● **Task to carry out**: Would you reproduce the whole listing exactly, minus its images?

● **Data block**:
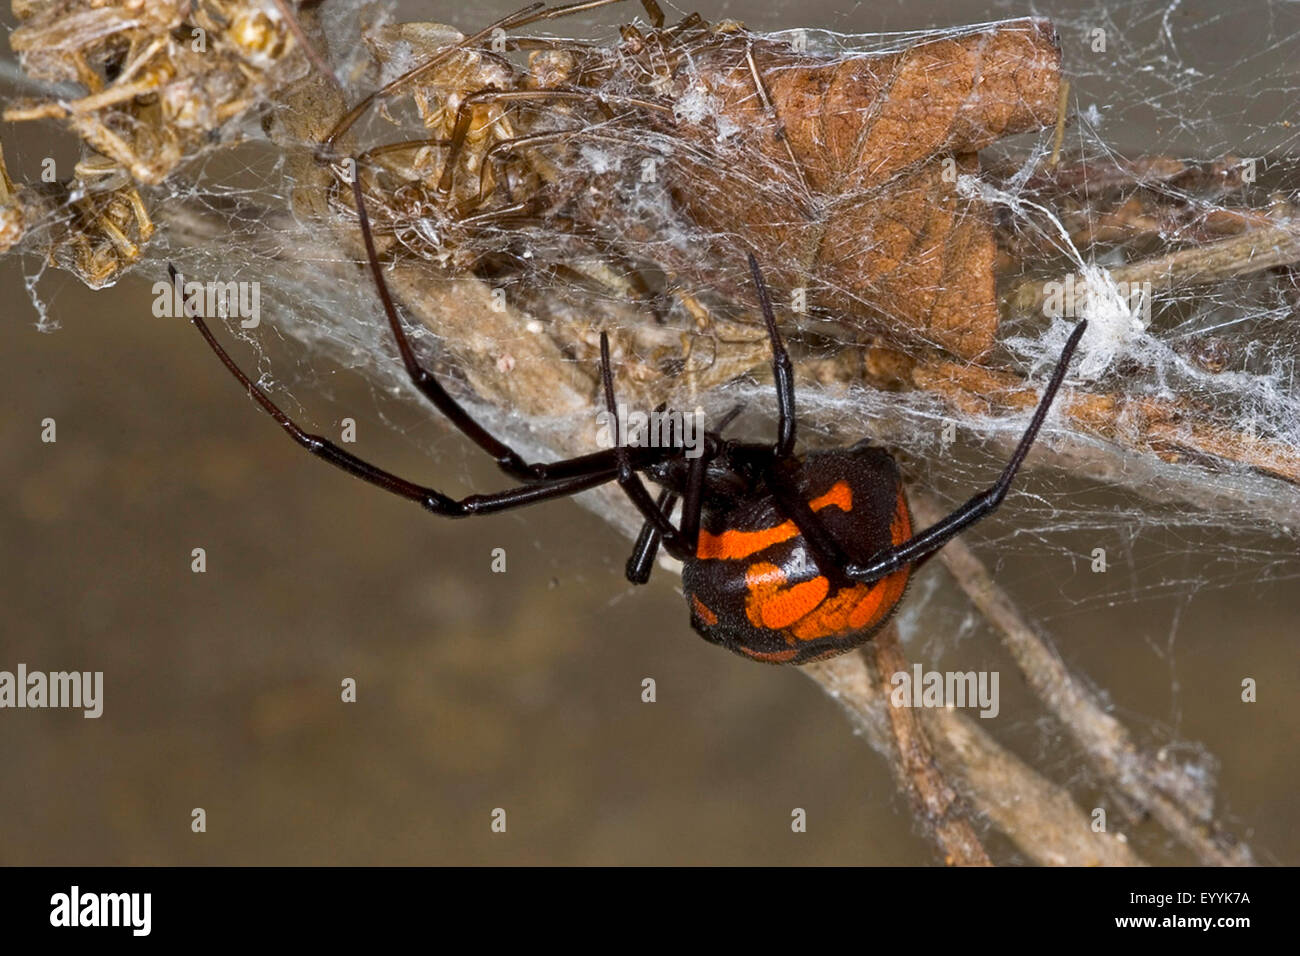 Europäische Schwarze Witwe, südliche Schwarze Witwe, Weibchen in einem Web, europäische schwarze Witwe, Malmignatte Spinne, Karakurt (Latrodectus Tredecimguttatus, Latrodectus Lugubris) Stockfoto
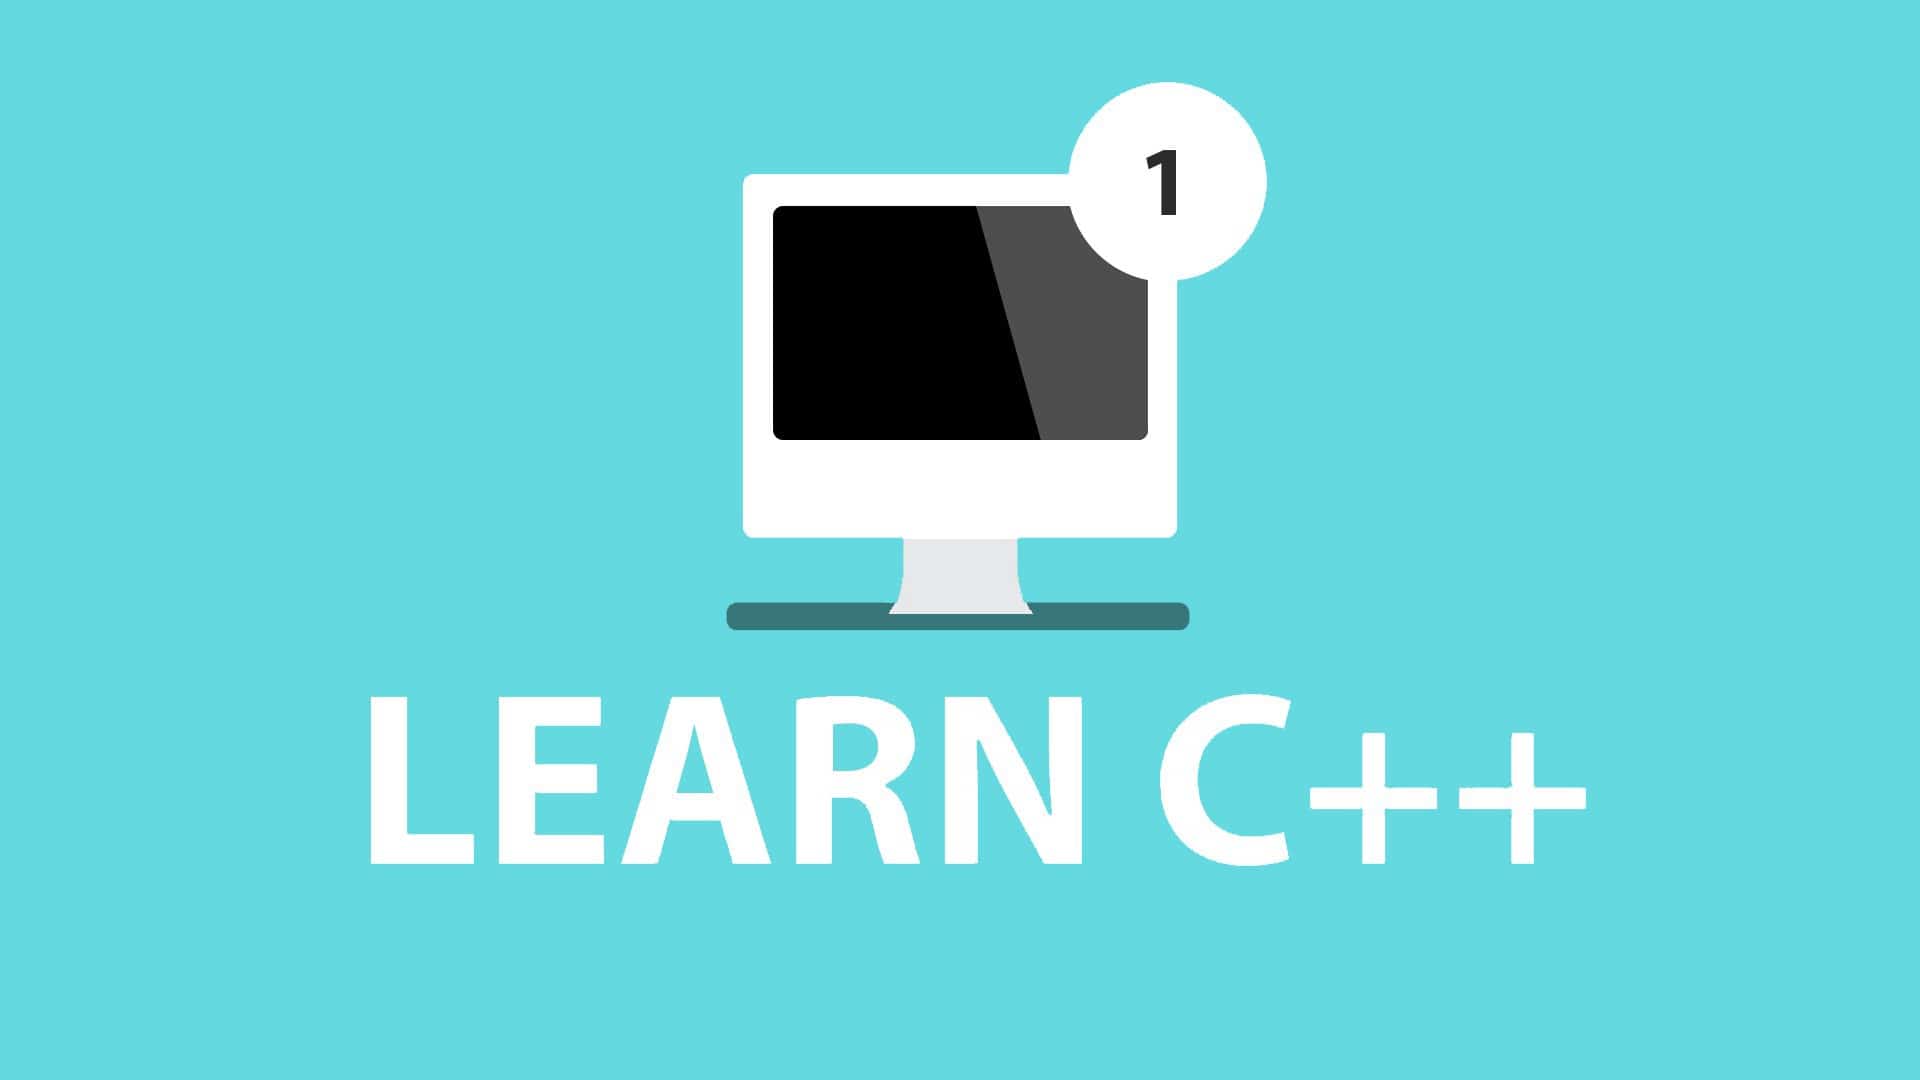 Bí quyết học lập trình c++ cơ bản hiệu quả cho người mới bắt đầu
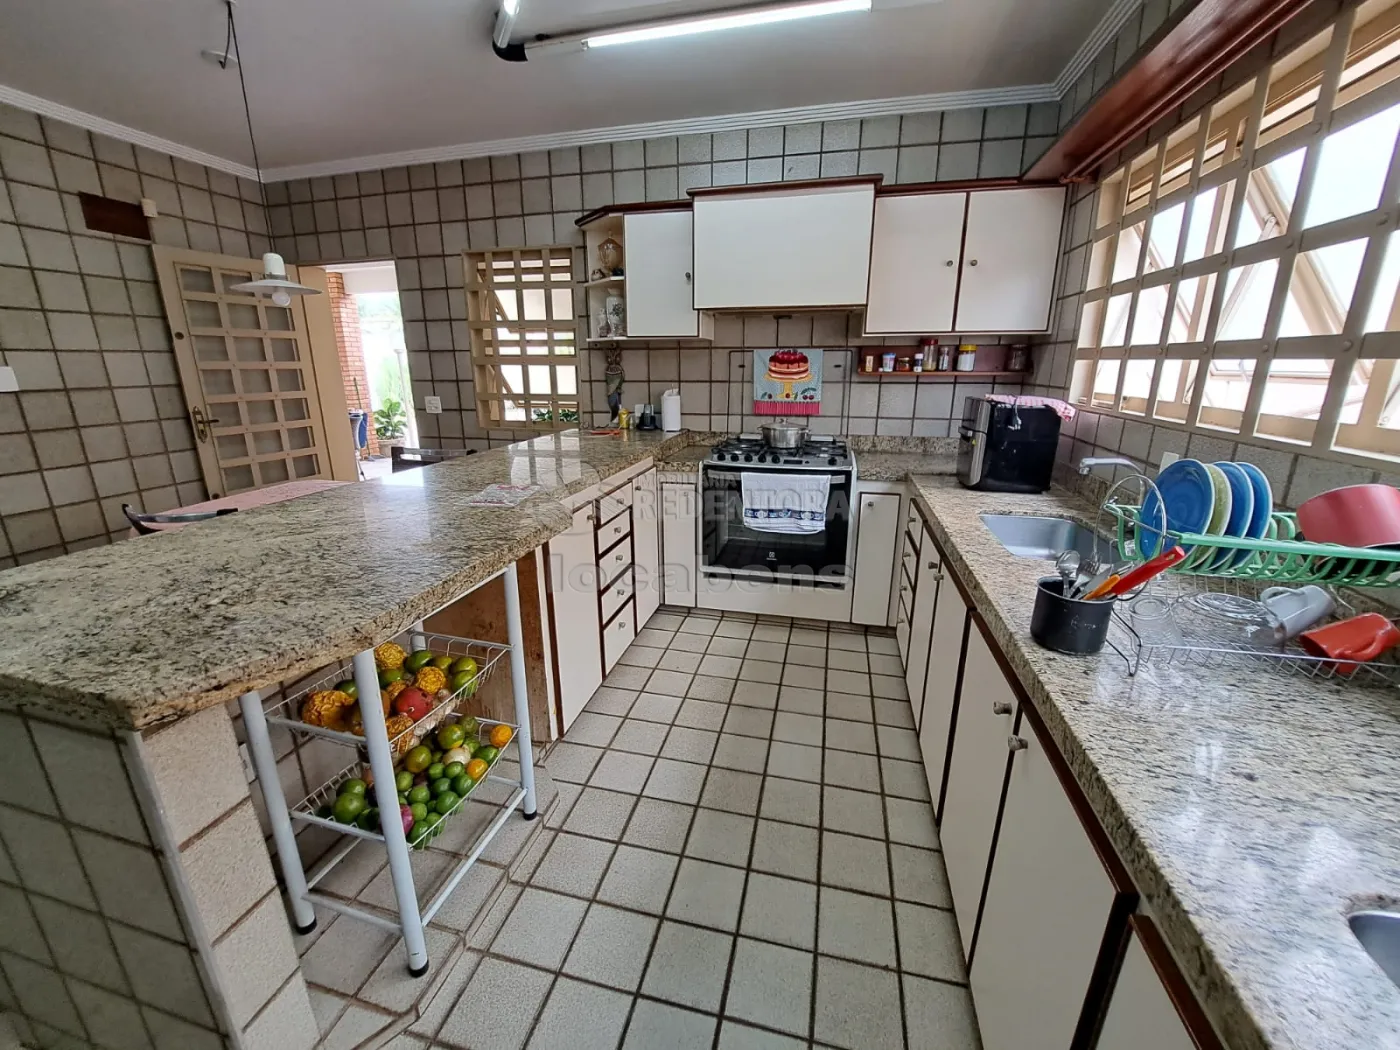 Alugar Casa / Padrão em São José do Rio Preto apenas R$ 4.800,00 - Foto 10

● **Response area**:
 Europäische Schwarze Witwe, südliche Schwarze Witwe, Weibchen in einem Web, europäische schwarze Witwe, Malmignatte Spinne, Karakurt (Latrodectus Tredecimguttatus, Latrodectus Lugubris) Stockfoto
 Bí quyết học lập trình c++ cơ bản hiệu quả cho người mới bắt đầu
 Alugar Casa / Padrão em São José do Rio Preto apenas R$ 4.800,00 - Foto 10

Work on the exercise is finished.